Data excerpts
==========

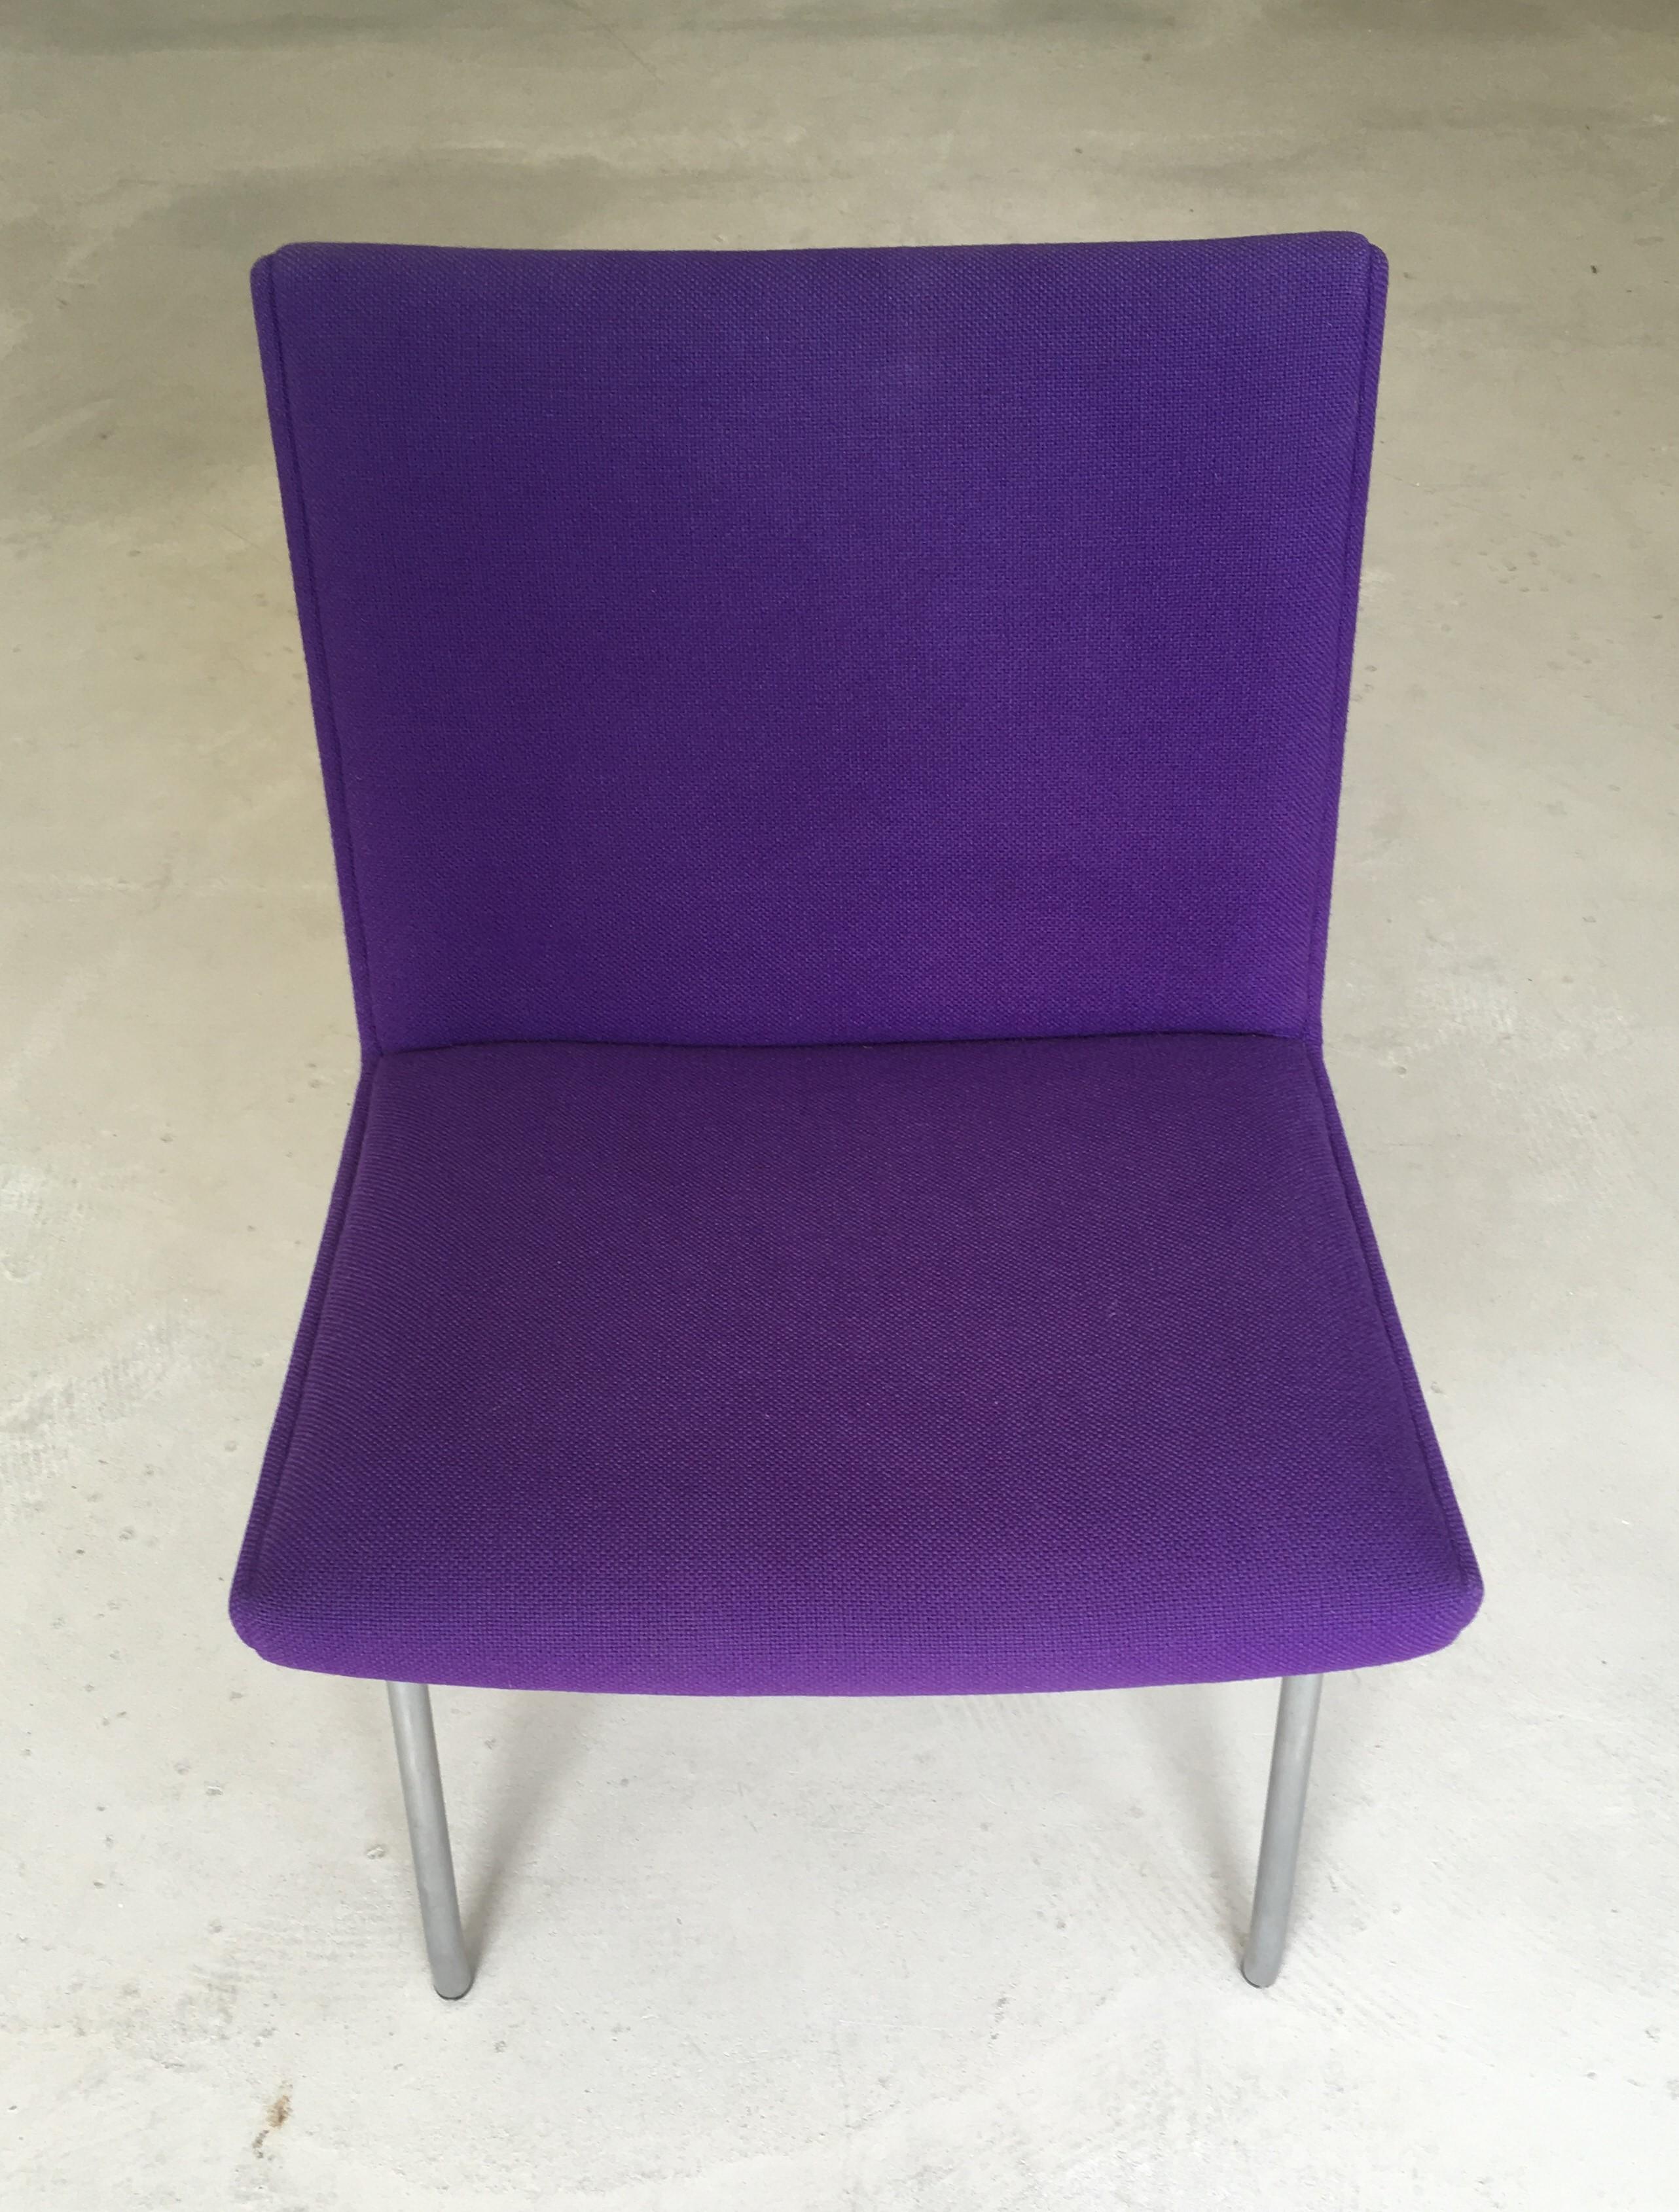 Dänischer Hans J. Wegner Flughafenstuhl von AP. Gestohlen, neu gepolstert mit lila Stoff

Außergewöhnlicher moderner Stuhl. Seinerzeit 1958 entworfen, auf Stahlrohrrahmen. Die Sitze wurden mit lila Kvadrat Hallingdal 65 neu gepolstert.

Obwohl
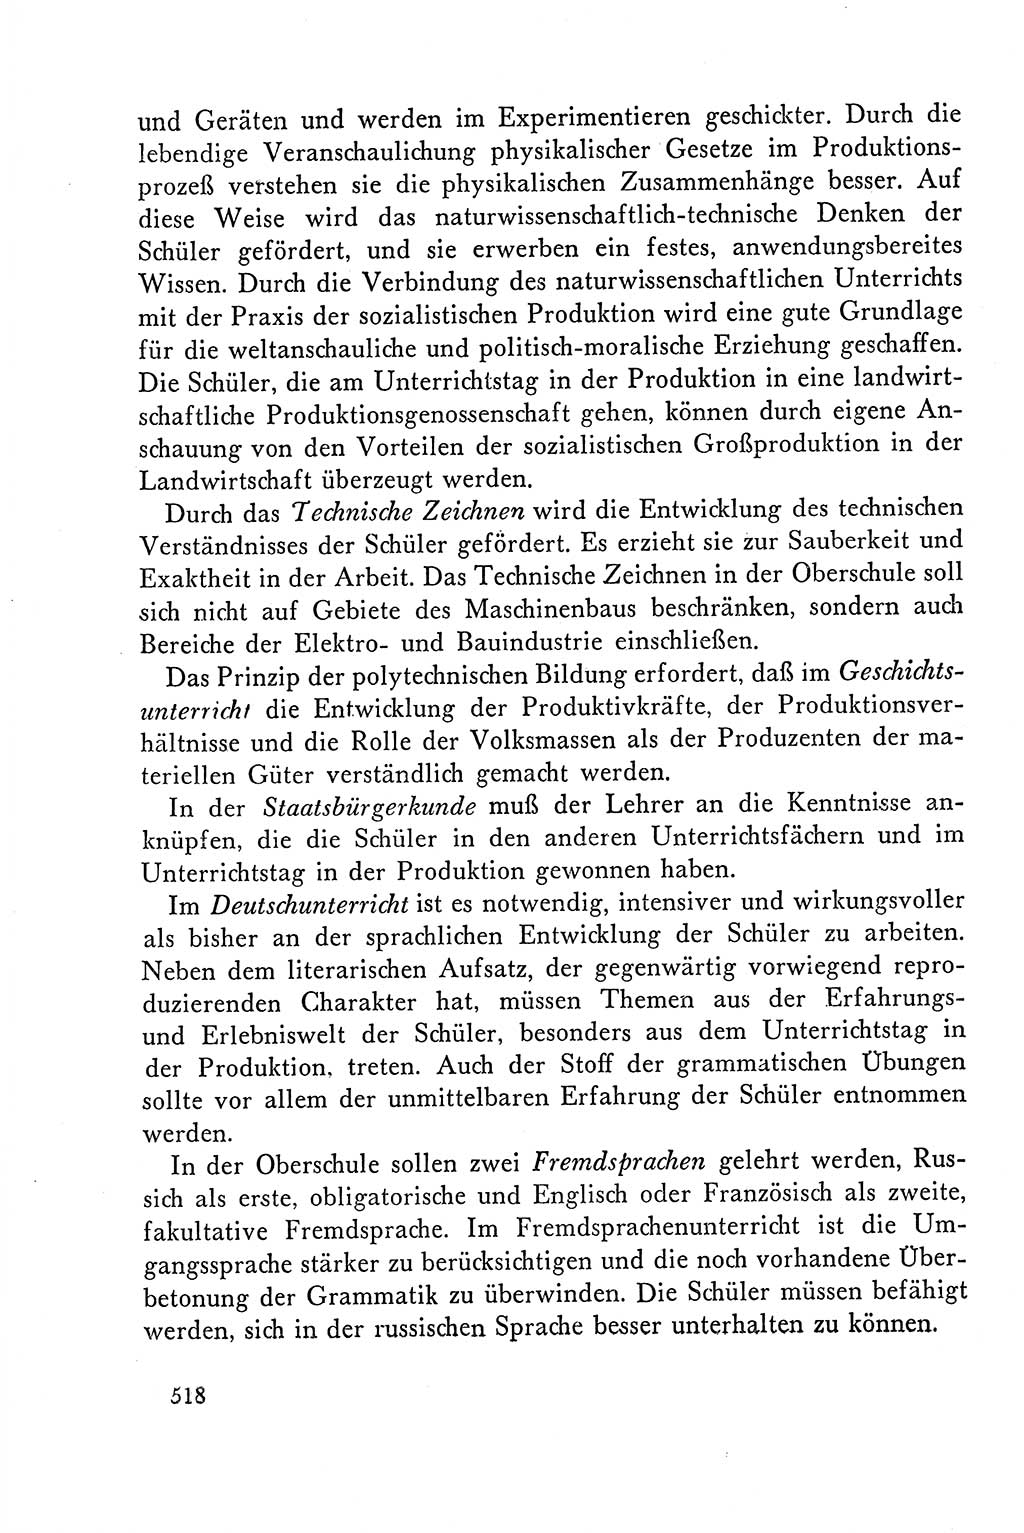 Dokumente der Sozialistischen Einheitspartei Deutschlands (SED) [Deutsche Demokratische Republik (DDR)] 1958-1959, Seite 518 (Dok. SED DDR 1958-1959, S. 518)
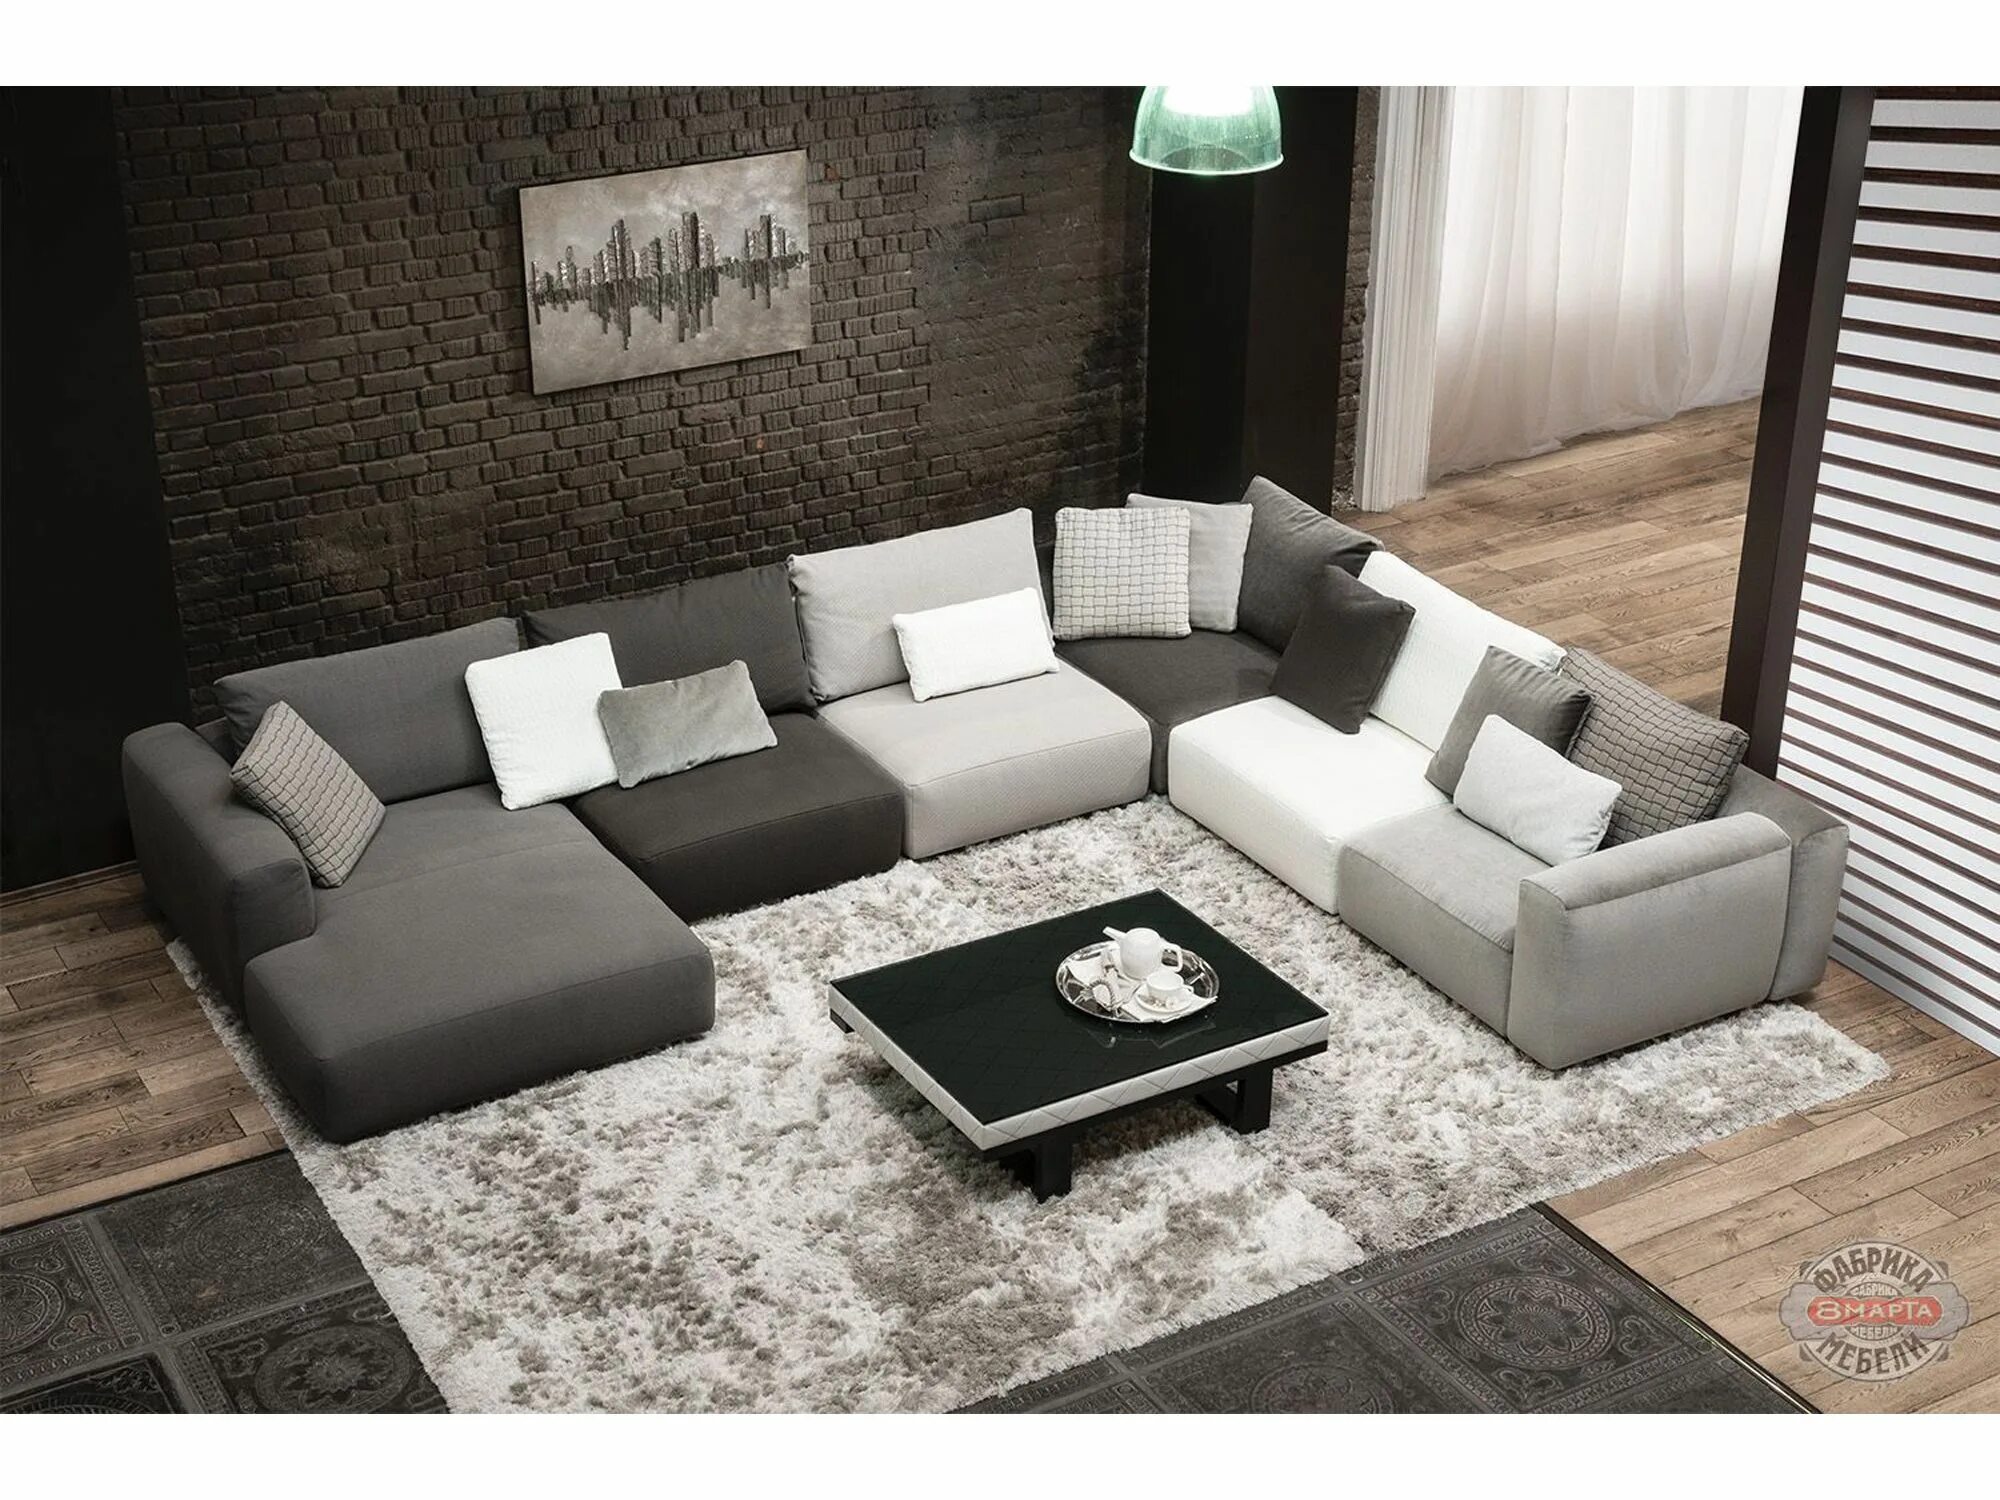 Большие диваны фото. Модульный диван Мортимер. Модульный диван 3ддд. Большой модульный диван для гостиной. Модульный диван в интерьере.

==========

- The problem -
Please set down, exactly and with nothing added, the lines from the line with "Dokumente der Sozialistischen" to the end of the entries above, omitting pictures.

- Solved exercise -
 Dokumente der Sozialistischen Einheitspartei Deutschlands (SED) [Deutsche Demokratische Republik (DDR)] 1958-1959, Seite 518 (Dok. SED DDR 1958-1959, S. 518)
 Большие диваны фото. Модульный диван Мортимер. Модульный диван 3ддд. Большой модульный диван для гостиной. Модульный диван в интерьере.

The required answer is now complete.